Search code examples
jdbcprepared-statementclouderaimpala

Batch Insert into Impala taking too much time


I am using Impala JDBC driver to batch insert data into Impala. I currently have a batch size of 1000 and using INSERT INTO VALUES clause by PreparedStatement to execute batch queries. Impala Daemon in running on 3 machines and Impala Catalog Server, State store are running on the 4th machine.

The batch insert query plan on Impala looks like this:

Query Timeline: 35s398ms
   - Query submitted: 0.000ns (0.000ns)
   - Planning finished: 34s822ms (34s822ms)
   - Submit for admission: 34s886ms (63.997ms)
   - Completed admission: 34s886ms (0.000ns)
   - Ready to start 1 fragment instances: 34s886ms (0.000ns)
   - All 1 fragment instances started: 34s958ms (71.997ms)
   - DML data written: 35s082ms (123.996ms)
   - DML Metastore update finished: 35s286ms (203.993ms)
   - Request finished: 35s298ms (11.999ms)
   - Unregister query: 35s374ms (75.997ms)
 - ComputeScanRangeAssignmentTimer: 0.000ns

As we can see, Planning finished is taking all the time. We have tried creating in both formats, PARQUET as well as normal. But everytime the Planning finished part is too high.

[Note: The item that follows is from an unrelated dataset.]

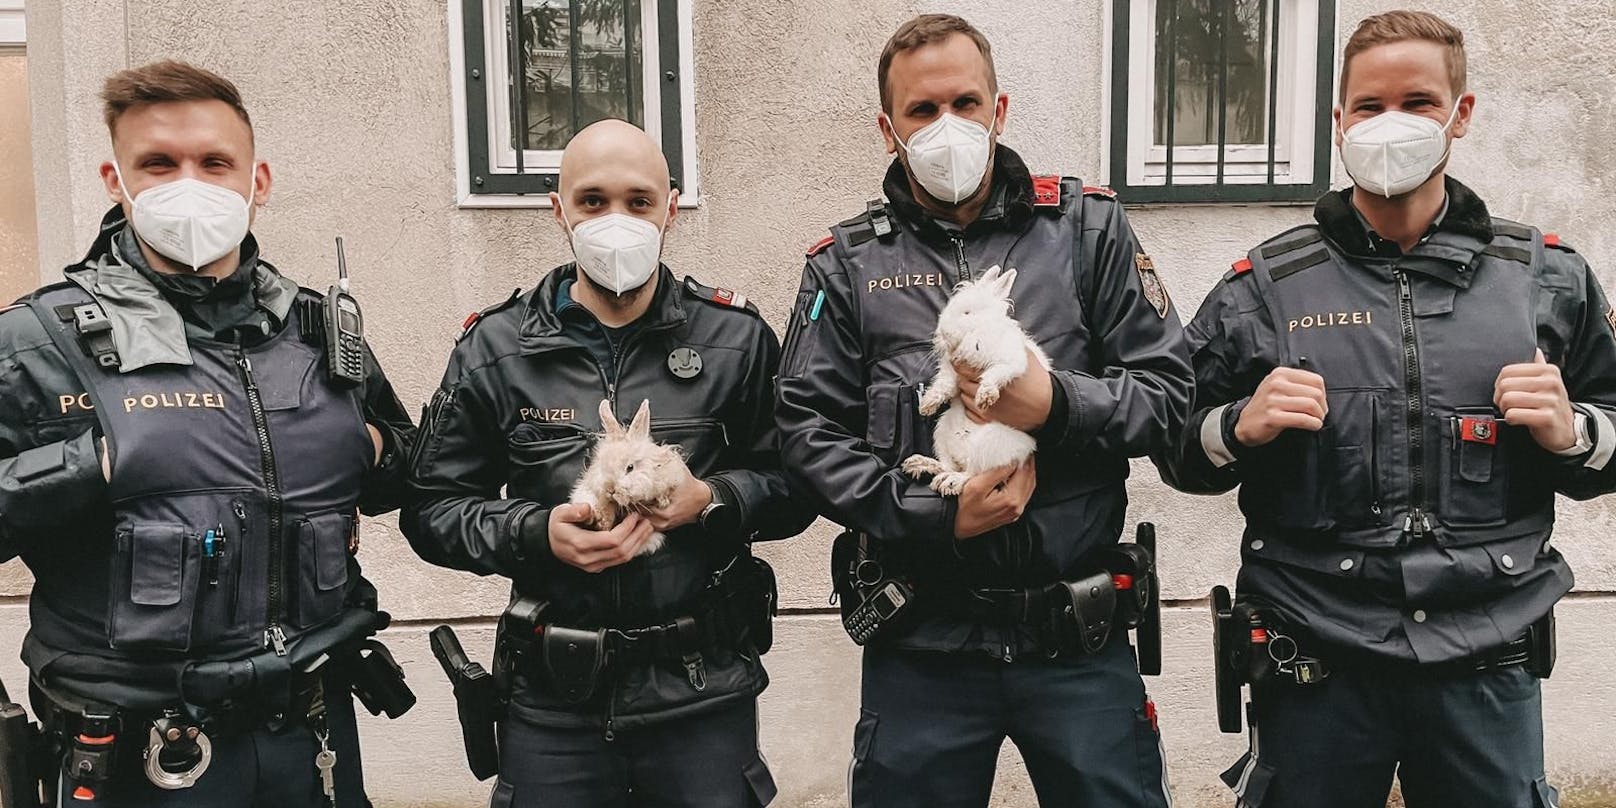 Polizisten des Stadtpolizeikommandos Favoriten mit ihrer "Beute"
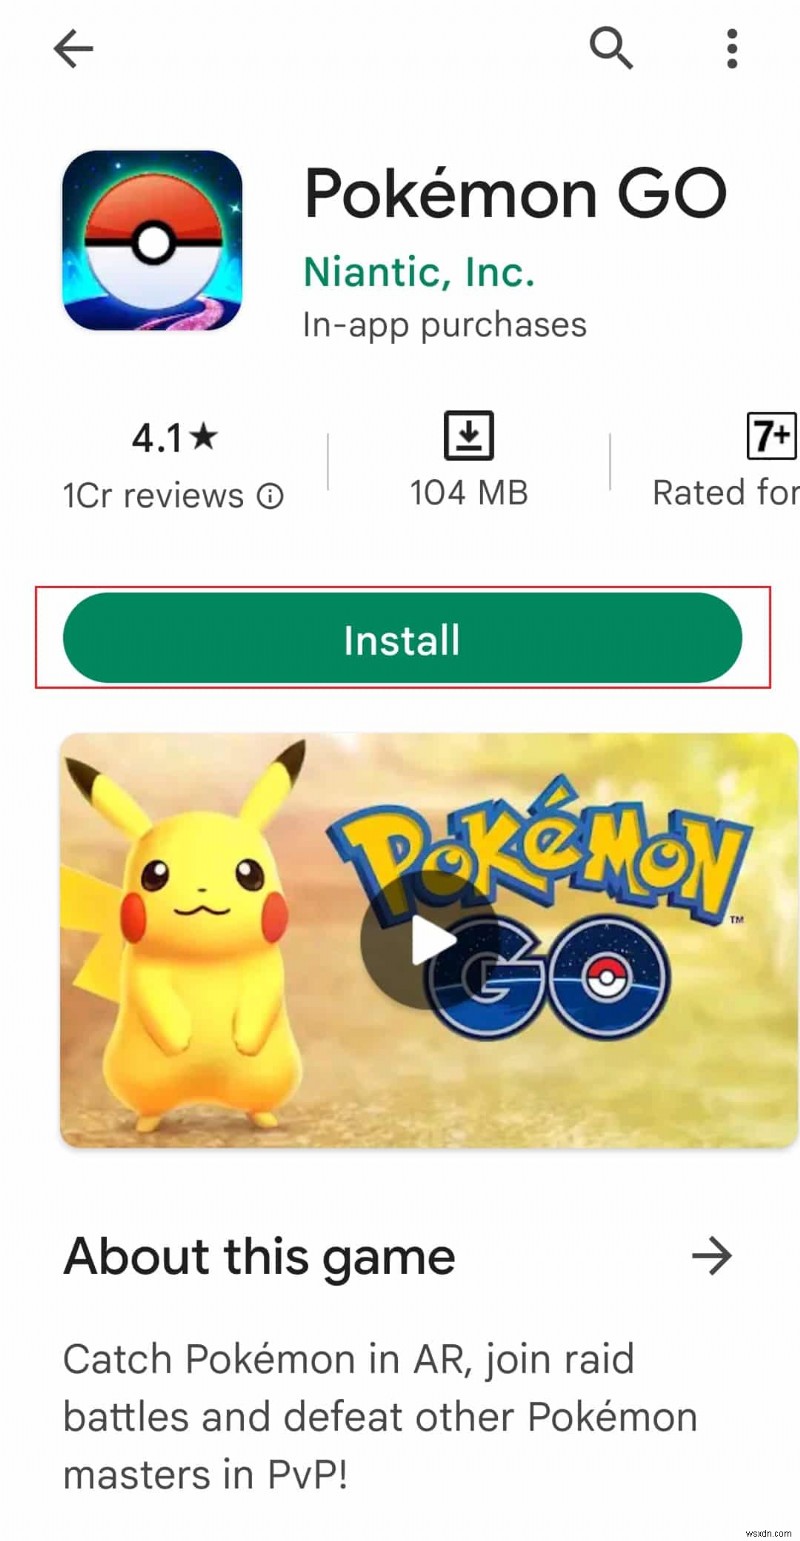 Pokemon GO 로그인 오류 수정

Is there any configuration change I need to do? Or am I doing something wrong?


Solution

  • The first thing to notice is that even if you are using a single PreparedStatement in batches, each row will still get its own INSERT statement. For example, the prepared statement

    INSERT INTO t VALUES (?, ?);
    

    will insert two rows as

    INSERT INTO t VALUES ('a', 1);
    INSERT INTO t VALUES ('b', 2);
    

    and not as

    INSERT INTO t VALUES ('a', 1), ('b', 2);
    

    The next thing to consider is that inserting a single row in Hadoop is very inefficient as a new HDFS file has to be created for each row.

    An excerpt from the Impala documentation:

    The INSERT ... VALUES technique is not suitable for loading large quantities of data into HDFS-based tables, because the insert operations cannot be parallelized, and each one produces a separate data file. Use it for setting up small dimension tables or tiny amounts of data for experimenting with SQL syntax, or with HBase tables. Do not use it for large ETL jobs or benchmark tests for load operations. Do not run scripts with thousands of INSERT ... VALUES statements that insert a single row each time. If you do run INSERT ... VALUES operations to load data into a staging table as one stage in an ETL pipeline, include multiple row values if possible within each VALUES clause, and use a separate database to make cleanup easier if the operation does produce many tiny files.